What this task involves:
From the listing below, restate word for word the lines from the line containing "何かに驚いている女性の顔が描かれているドラム缶" down through the line containing "Районы возможных землетрясений.". Exclude pictures.

Extracted information:
--*--

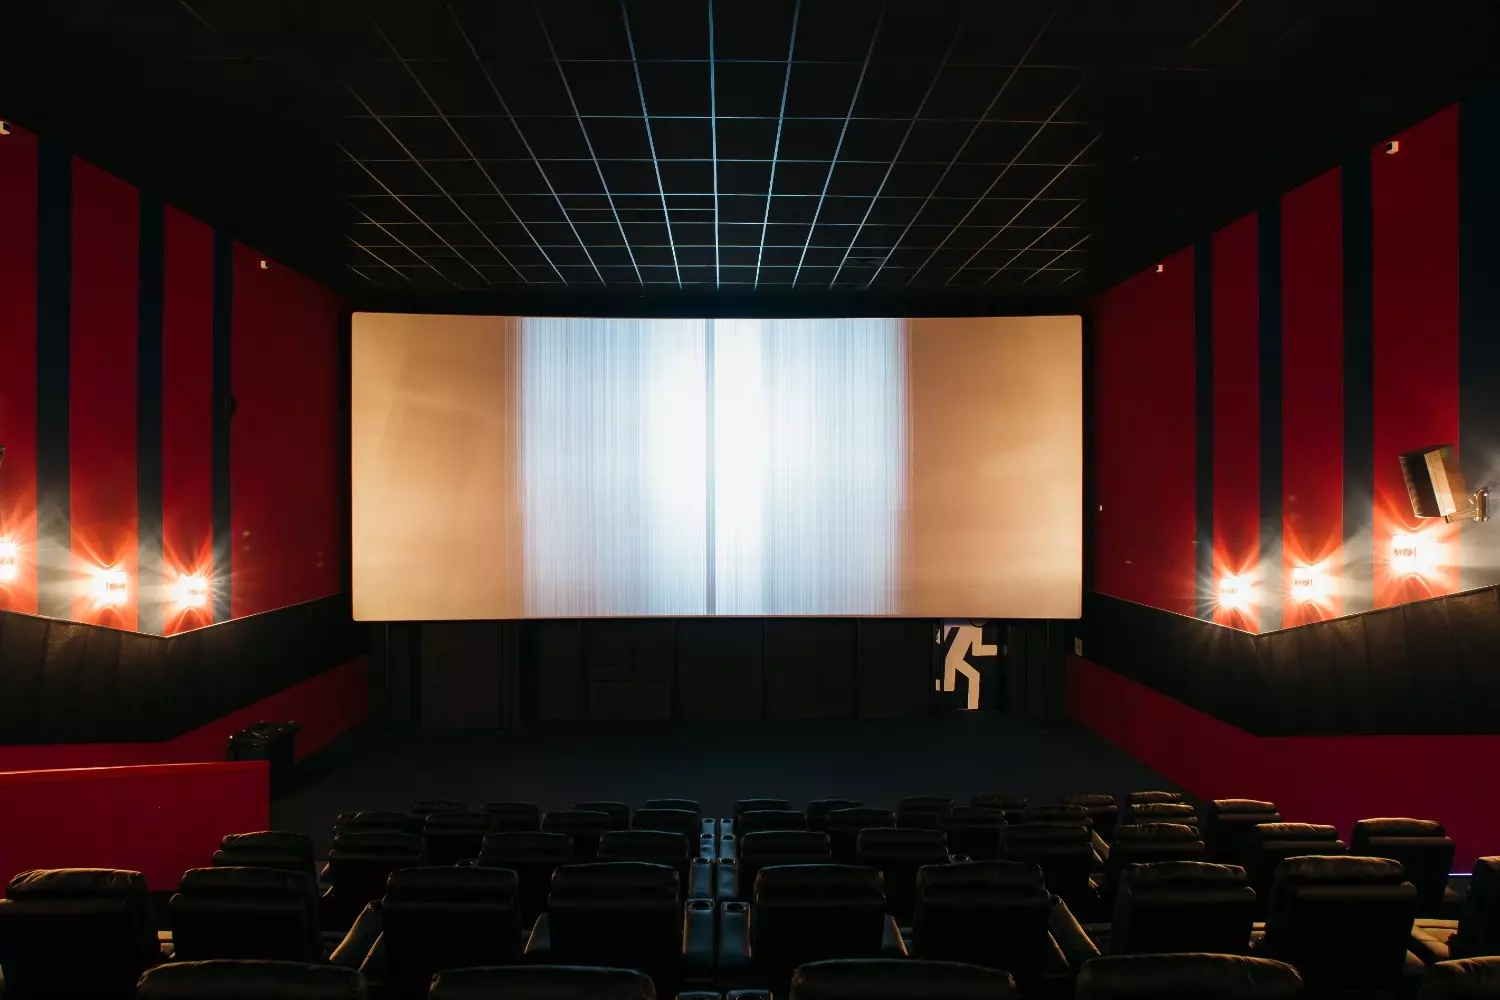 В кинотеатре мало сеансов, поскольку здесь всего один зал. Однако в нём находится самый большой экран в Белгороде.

--*--

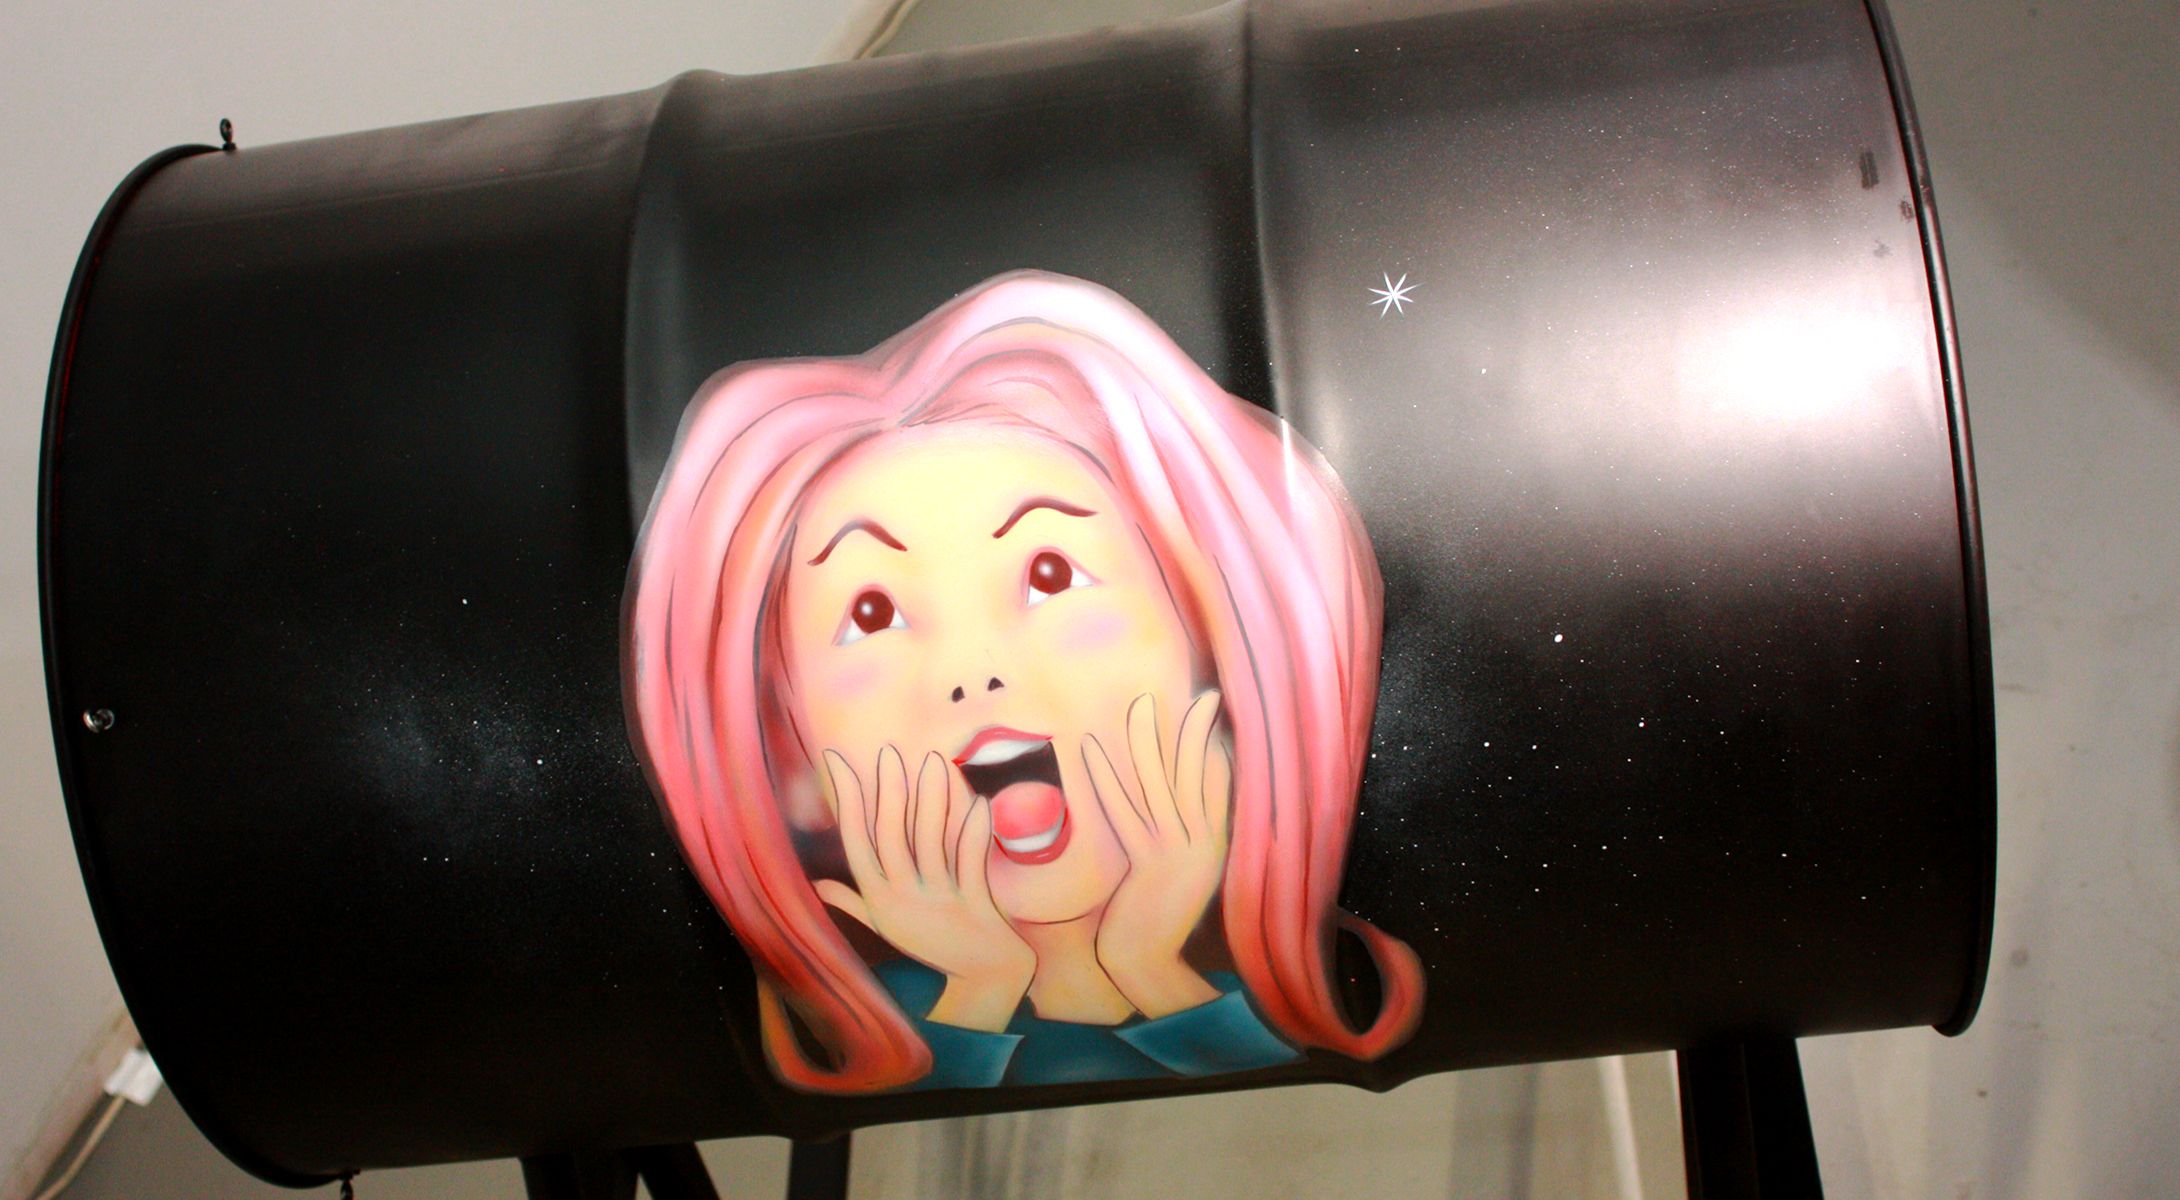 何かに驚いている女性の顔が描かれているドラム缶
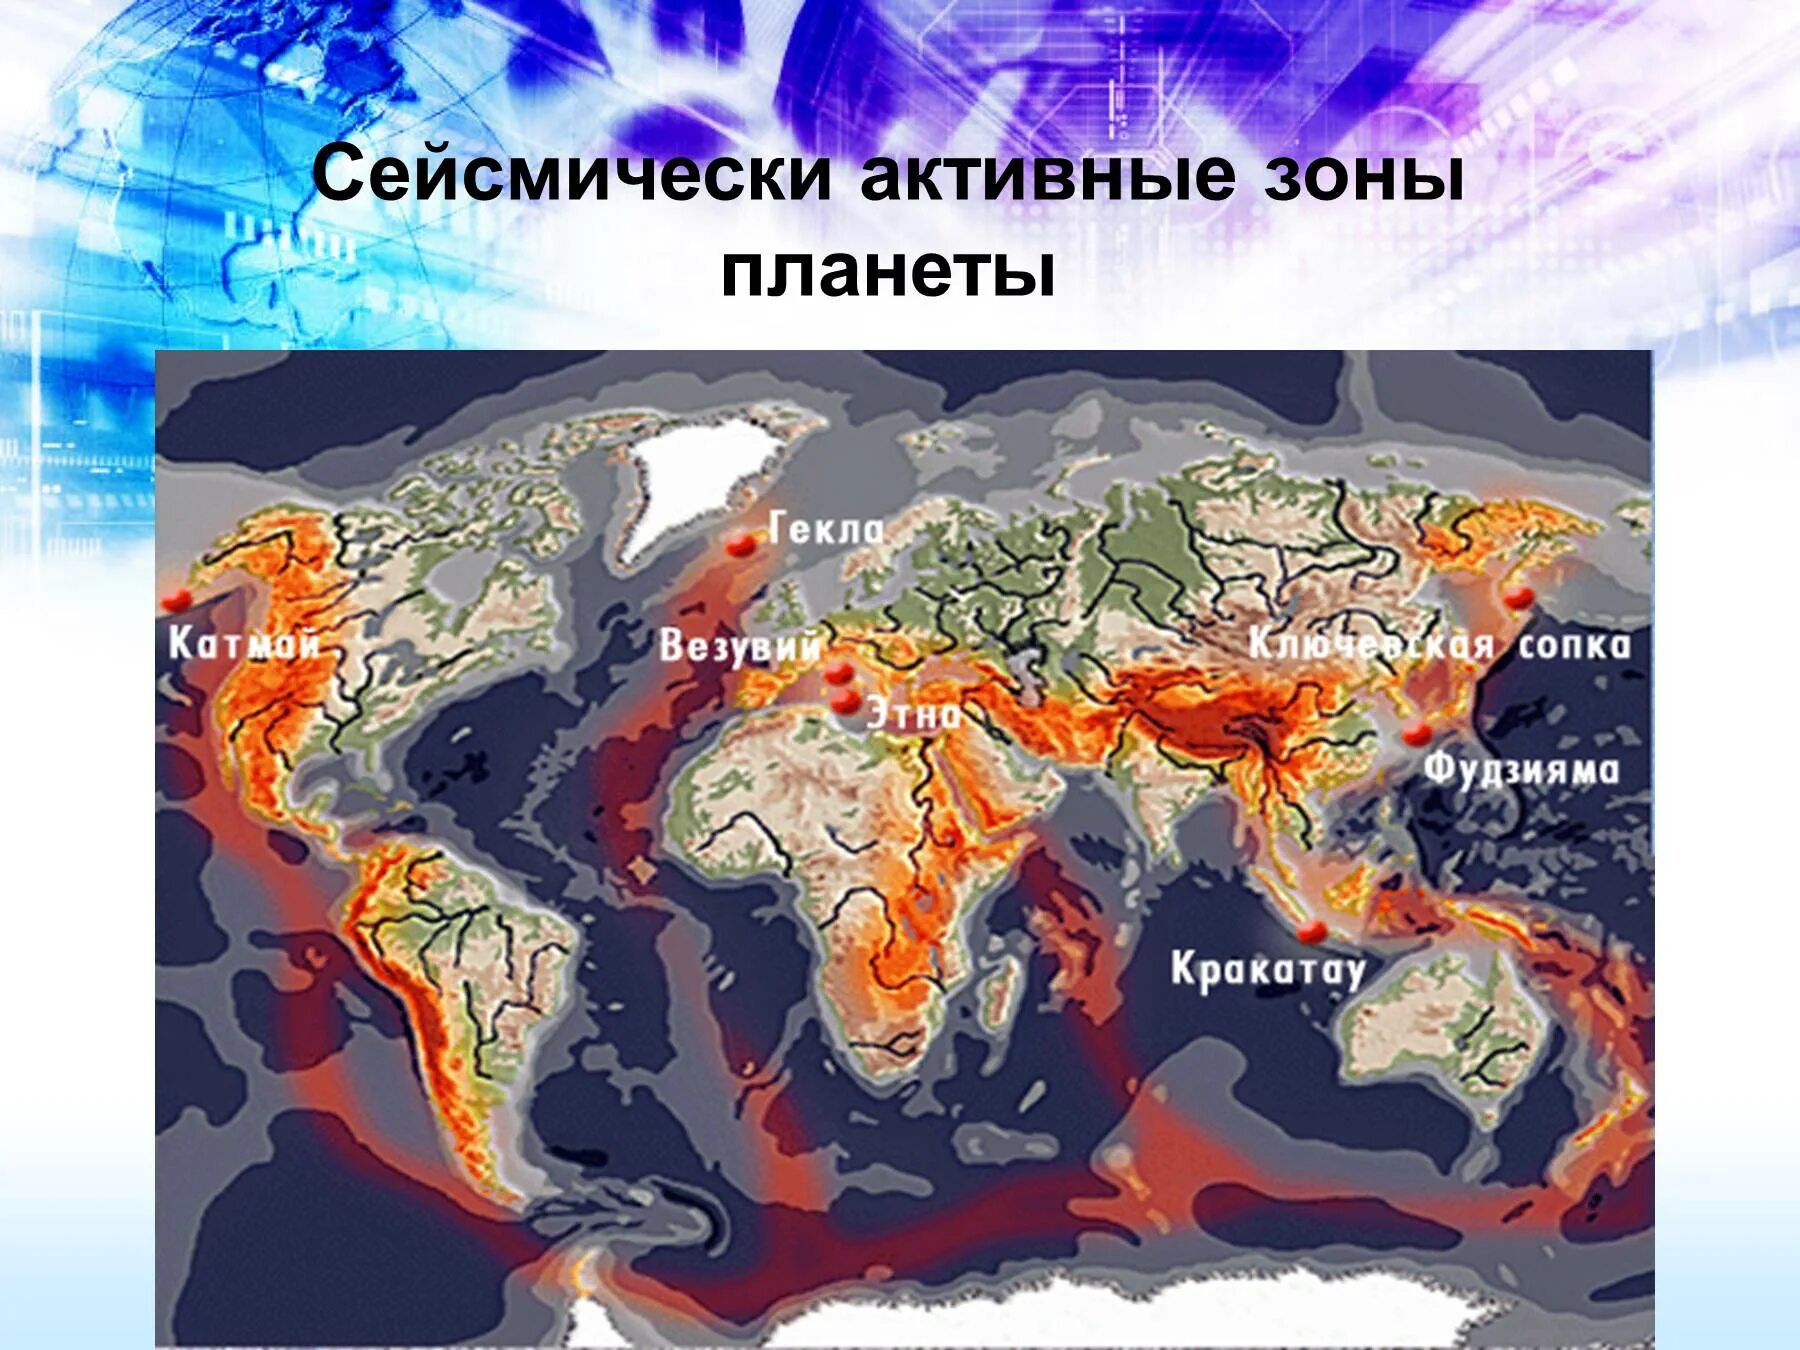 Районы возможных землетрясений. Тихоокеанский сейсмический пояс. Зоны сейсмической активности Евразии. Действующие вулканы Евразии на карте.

--*--

Task response:
 何かに驚いている女性の顔が描かれているドラム缶
 Районы возможных землетрясений. Тихоокеанский сейсмический пояс. Зоны сейсмической активности Евразии. Действующие вулканы Евразии на карте.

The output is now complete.